ACTIVITY - Your copy should begin with the line containing "Thermophysical and chemical", end with the line containing "Marc Jacobs The", match the listing below exactly, and contain no pictures.

SOURCE INFORMATION -
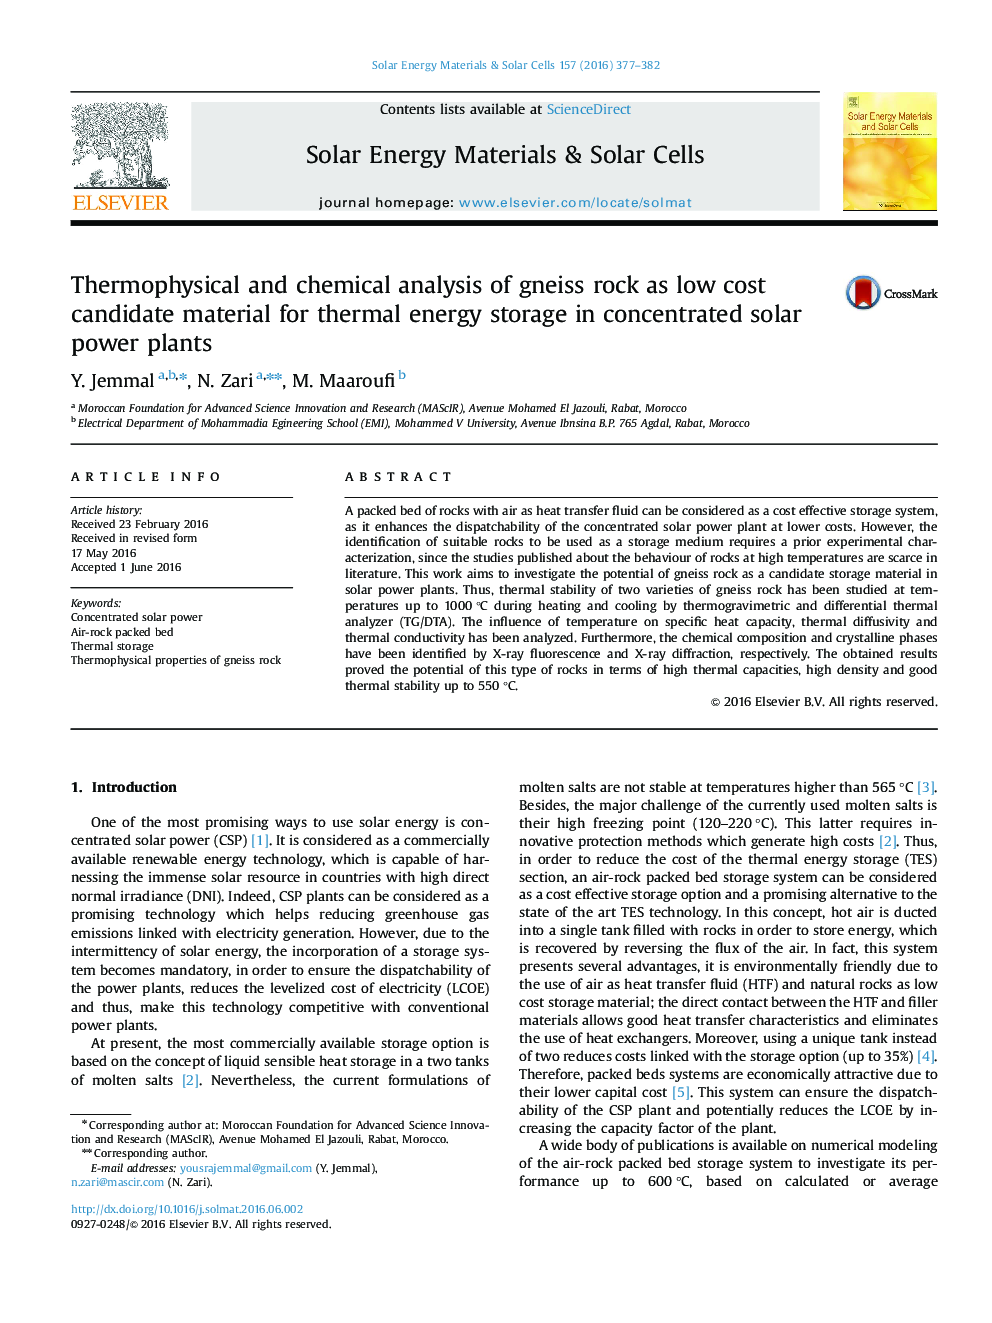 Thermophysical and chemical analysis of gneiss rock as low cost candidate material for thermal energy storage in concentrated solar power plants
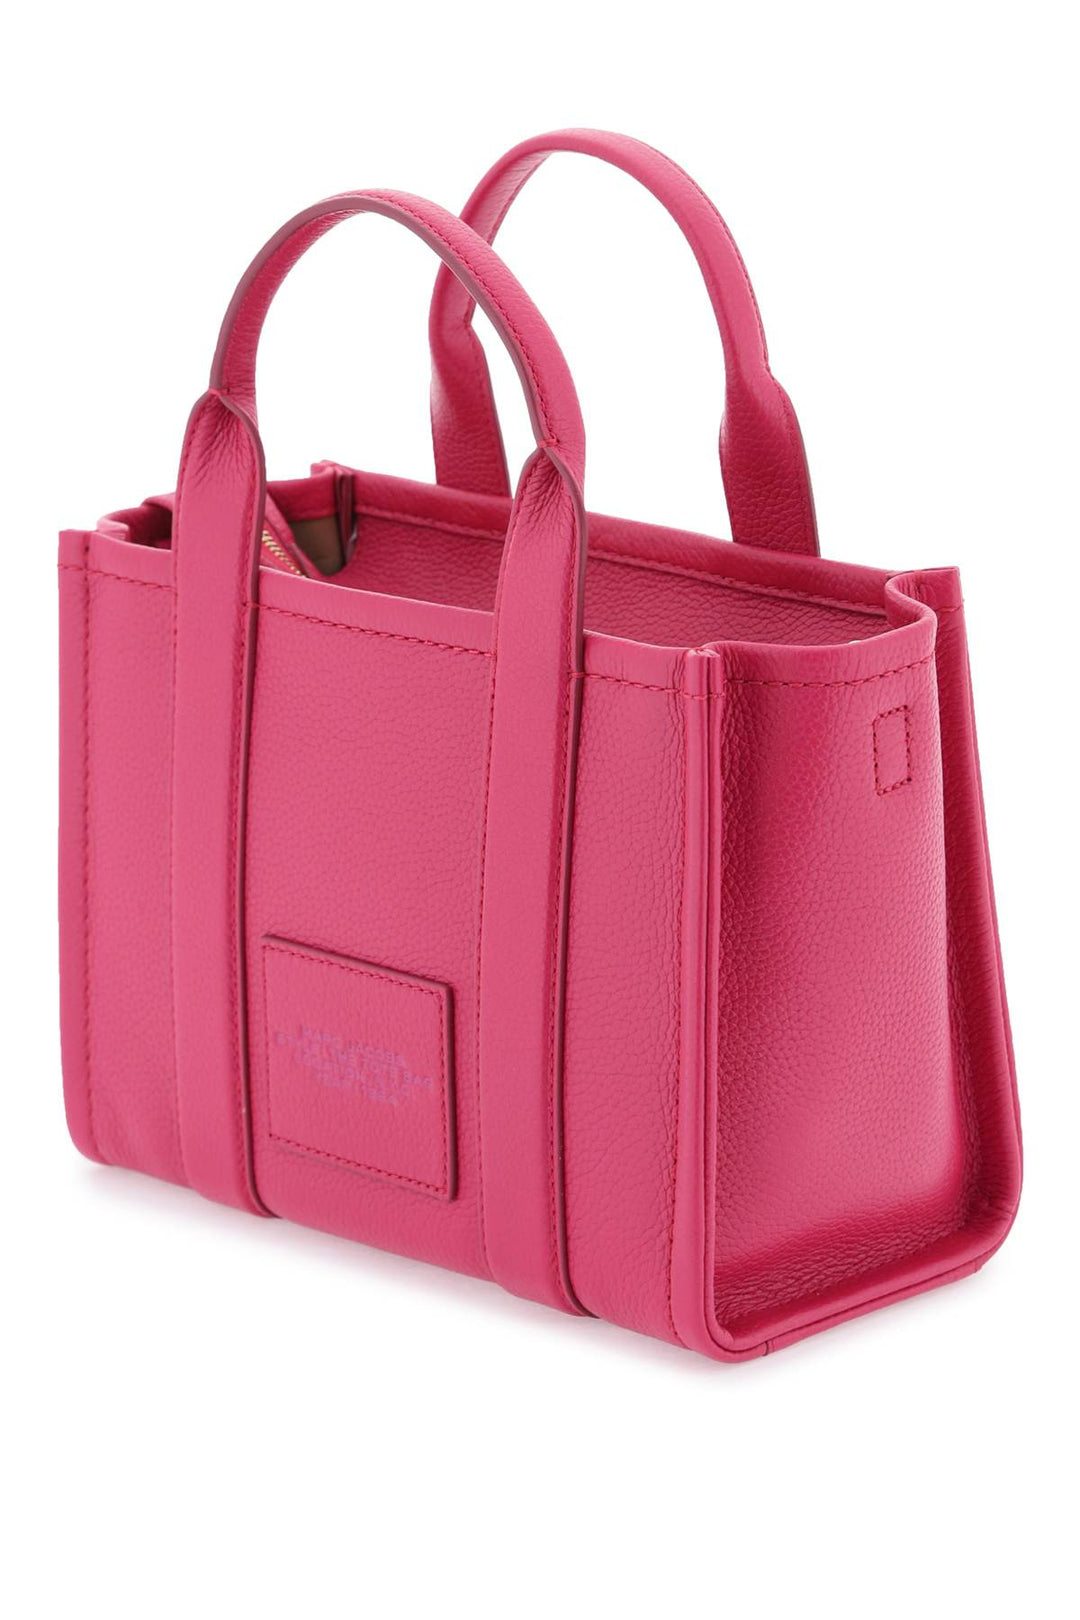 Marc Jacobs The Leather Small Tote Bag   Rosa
* * *
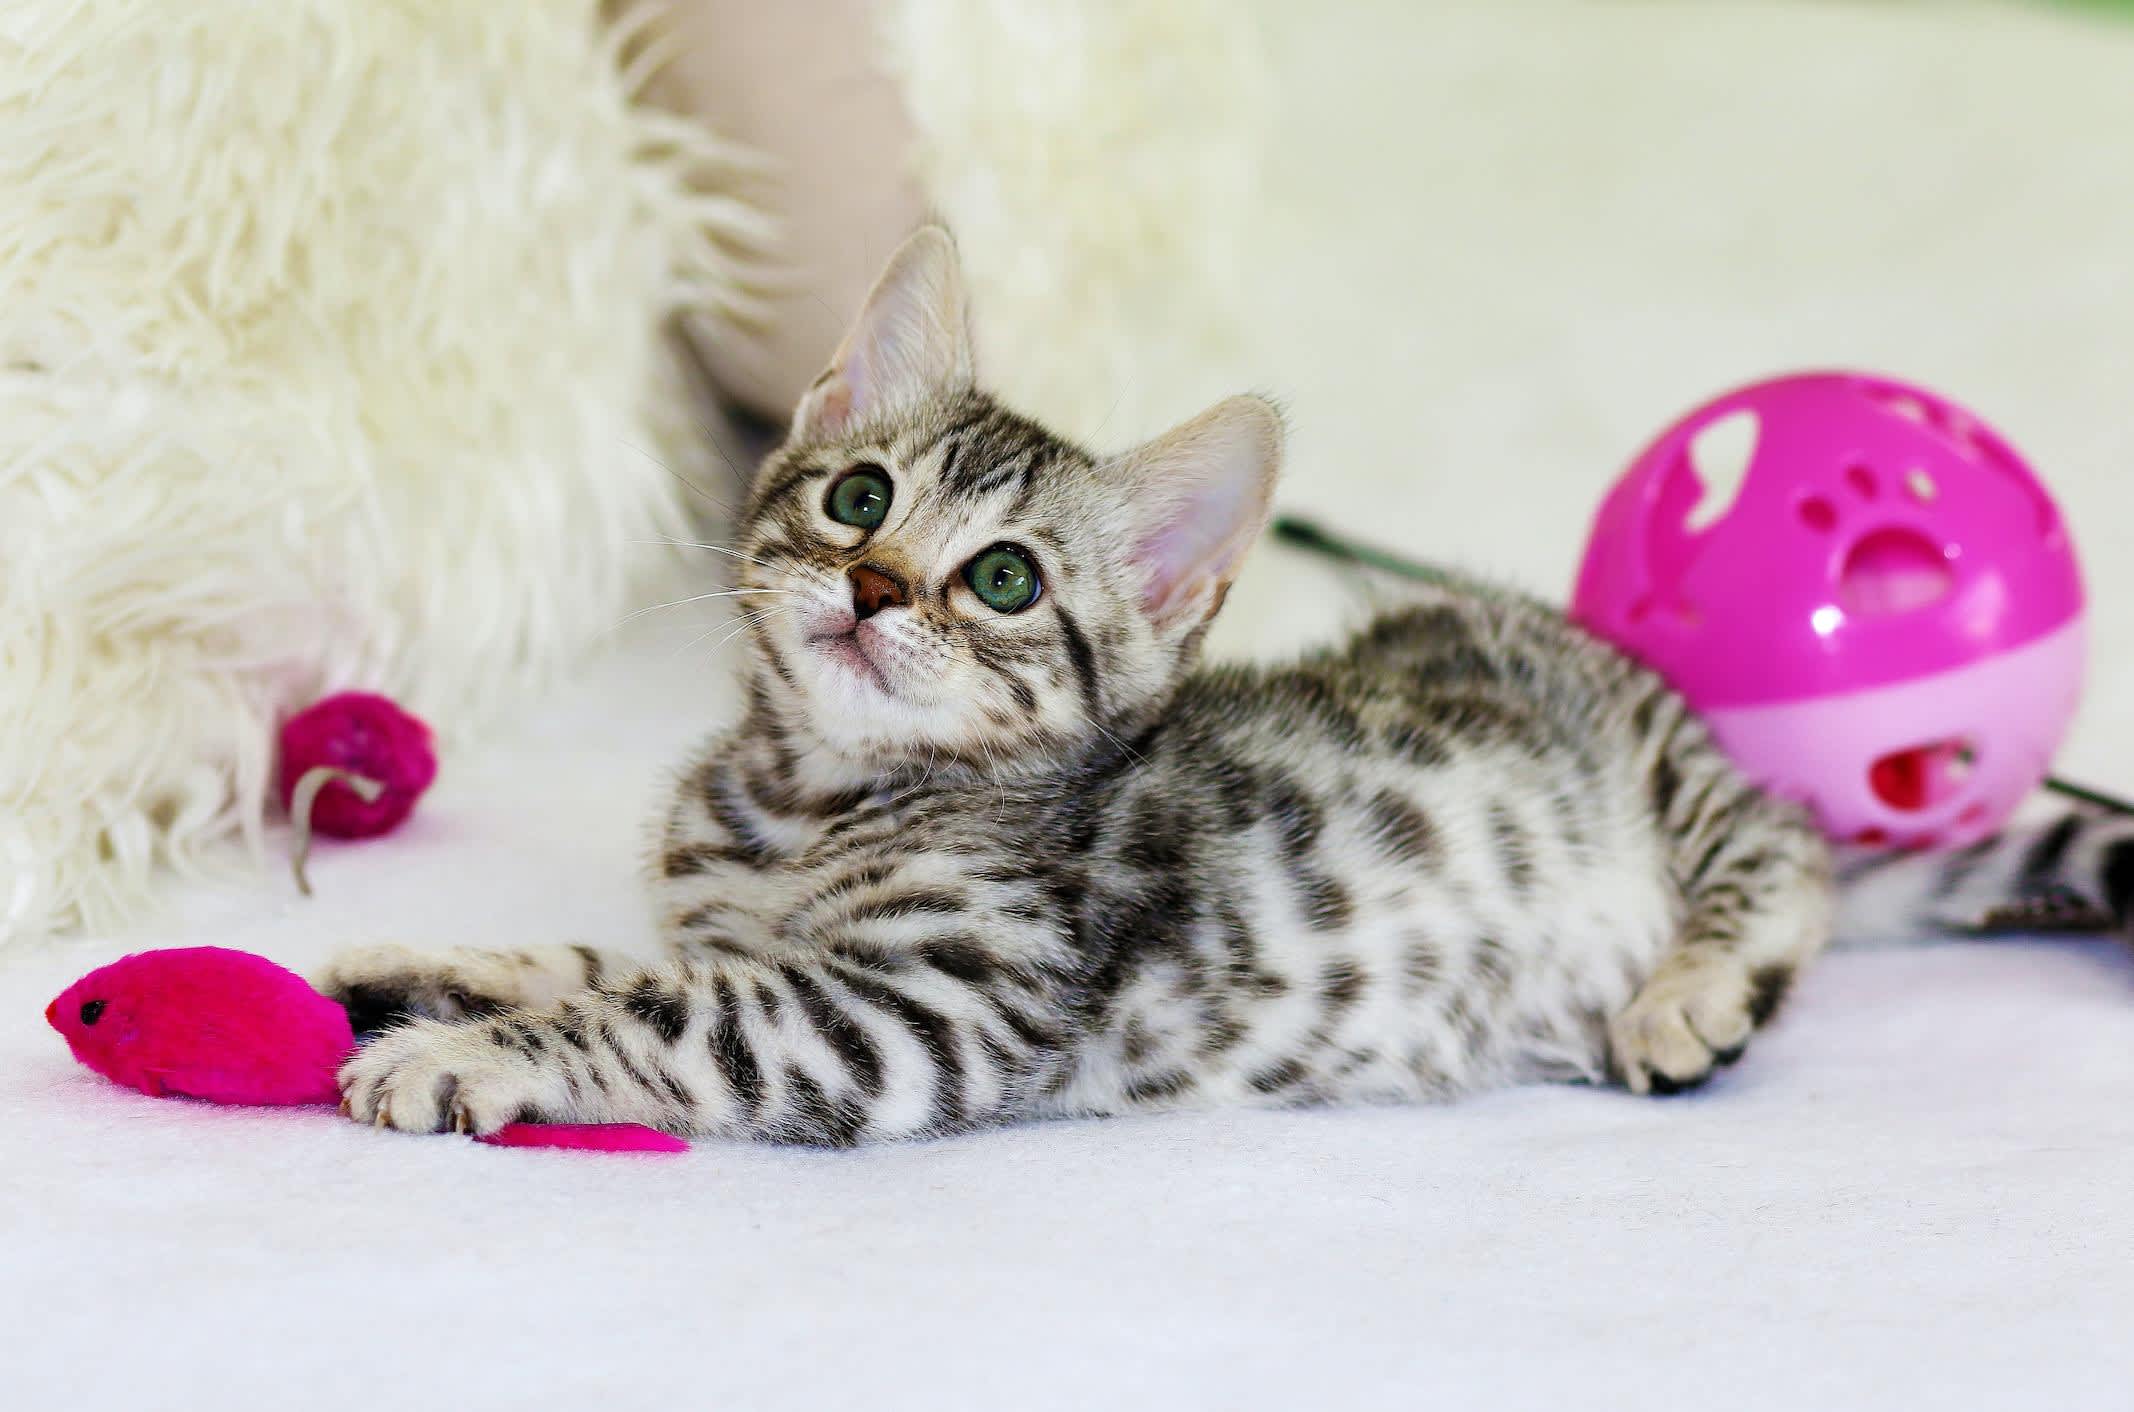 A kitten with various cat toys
==
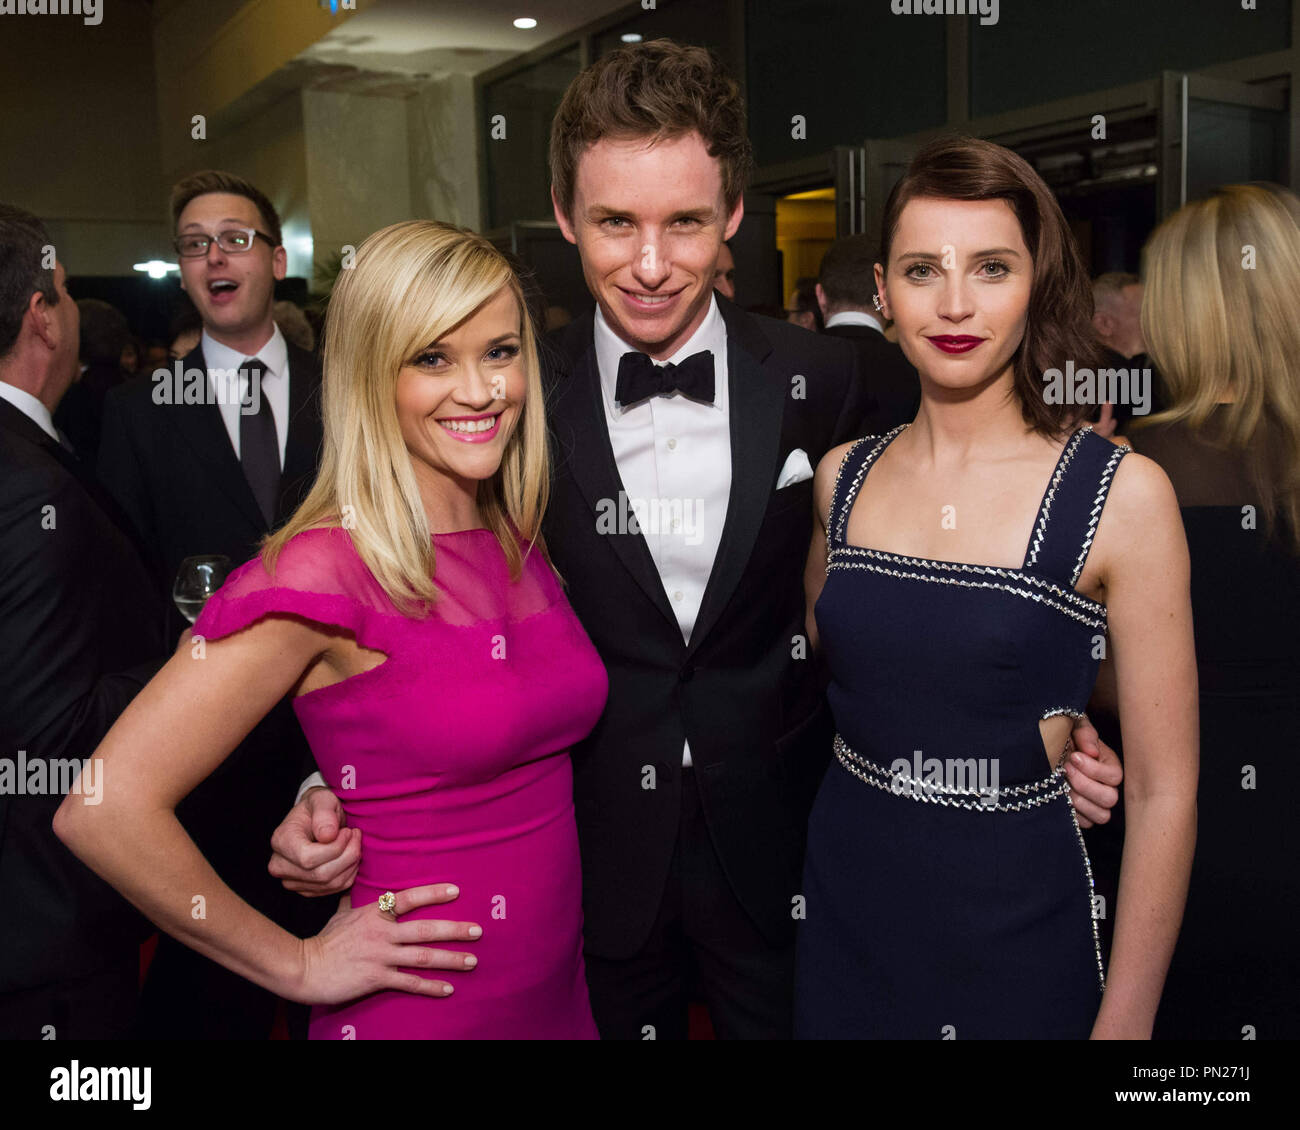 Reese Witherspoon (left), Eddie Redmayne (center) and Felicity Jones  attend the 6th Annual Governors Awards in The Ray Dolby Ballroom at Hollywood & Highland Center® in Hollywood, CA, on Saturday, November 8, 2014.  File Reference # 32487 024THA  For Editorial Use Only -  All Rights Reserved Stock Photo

RESULT OF THIS EXERCISE -
 Thermophysical and chemical analysis of gneiss rock as low cost candidate material for thermal energy storage in concentrated solar power plants
 Marc Jacobs The Leather Small Tote Bag   Rosa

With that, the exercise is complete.